The full list of contenders is:
- Marjorie Celona, born in Vancouver, now in Cincinnati, for Y (Hamish Hamilton).
- Lauren B. Davis, born in Montreal, now in Princeton, N.J., for Our Daily Bread (HarperCollins Canada).
- Cary Fagan of Toronto, for My Life Among the Apes (Cormorant Books).
- Will Ferguson of Calgary, for 419, (Viking Canada).
- Robert Hough of Toronto for Dr. Brinkley's Tower (House of Anansi Press).
- Billie Livingston of Vancouver, for One Good Hustle (Random House).
- Annabel Lyon of Vancouver for her novel The Sweet Girl (Random House).
- Alix Ohlin, born in Montreal, now in Easton, Penn., for Inside, (House of Anansi Press)
- Katrina Onstad of Toronto for Everybody Has Everything (McClelland & Stewart).
- C.S. Richardson of Regina for his novel The Emperor of Paris, (Doubleday Canada).
- Nancy Richler of Vancouver for The Imposter Bride (HarperCollins).
- Kim Thúy of Montreal, Ru, translated by Sheila Fischman (Random House).
- Russell Wangersky of St. John’s for Whirl Away (Thomas Allen).
Wangersky’s Whirl Away and Cary Fagan’s My Life Among the Apes are short story collections – all the rest are novels. First-time novelists on the list include Thuy and Fagan.
Thuy won the Governor General's Award for French-language fiction for Ru in 2010, when it was published in French.
Ferguson won the Leacock Medal for Humour for Happiness (2002), Beauty Tips from Moose Jaw (2008) and Beyond Belfast (2010).
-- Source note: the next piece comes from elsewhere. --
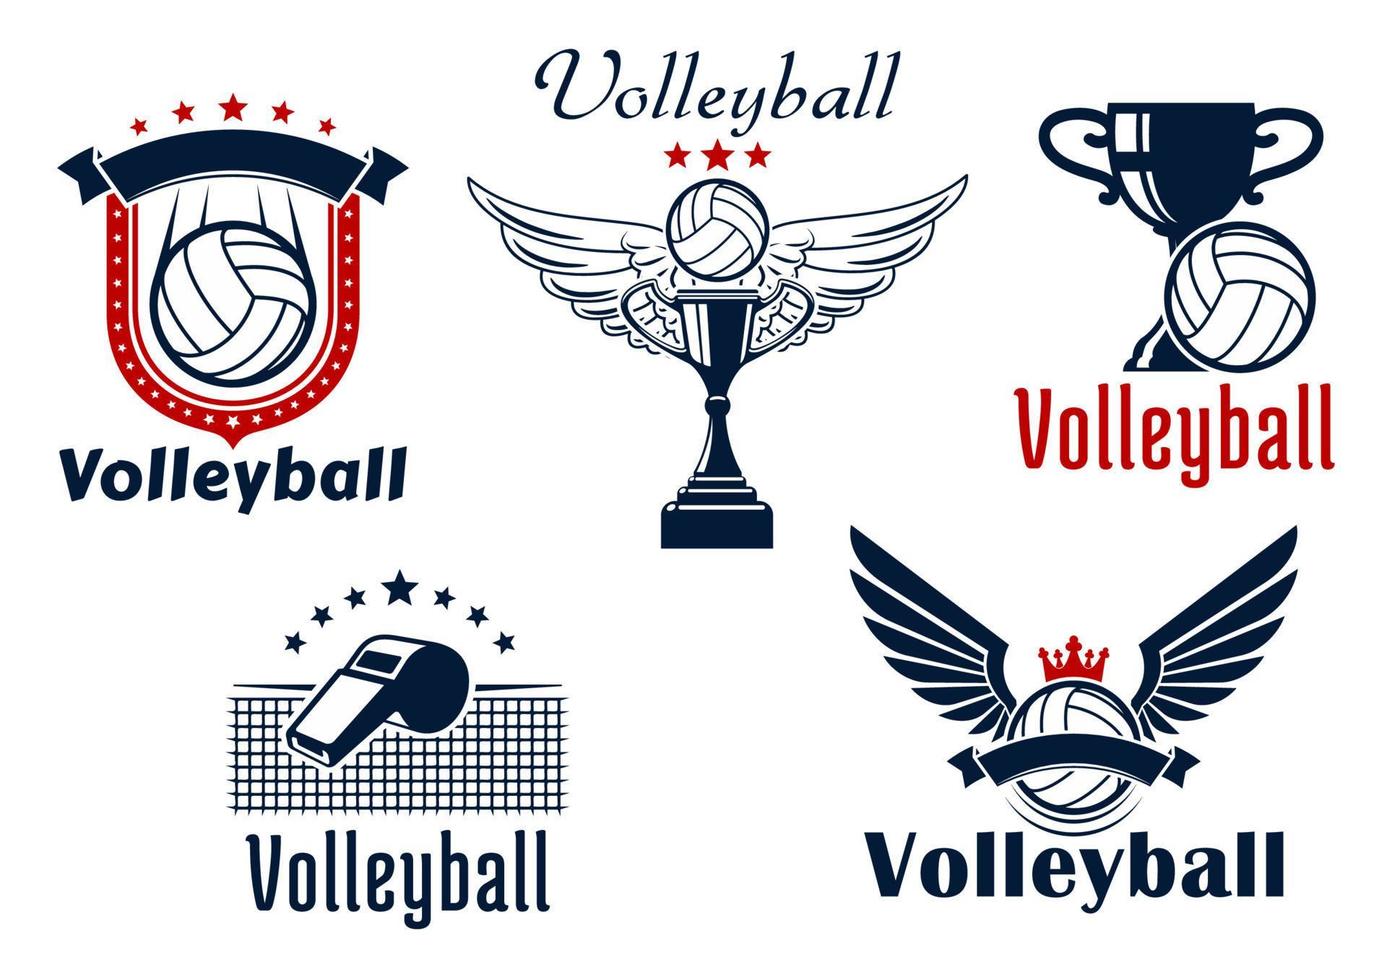 pallavolo gioco emblemi con sport elementi vettore

But it's unusual for a satirist to make it onto the Giller list, though 419 is more of a thriller, and his nomination likely represents the influence of a fellow humourist on the jury, American Gary Shteyngart.
Lyon made a big splash with her debut novel The Golden Mean, which was nominated for the Giller and the Governor General's Award, and won the Writers’ Trust fiction prize.
This year's Giller jury also includes Irish author and screen writer Roddy Doyle, and Canadian publisher, writer and essayist Anna Porter. CBC will broadcast the gala Oct. 30 to name the winner of the award.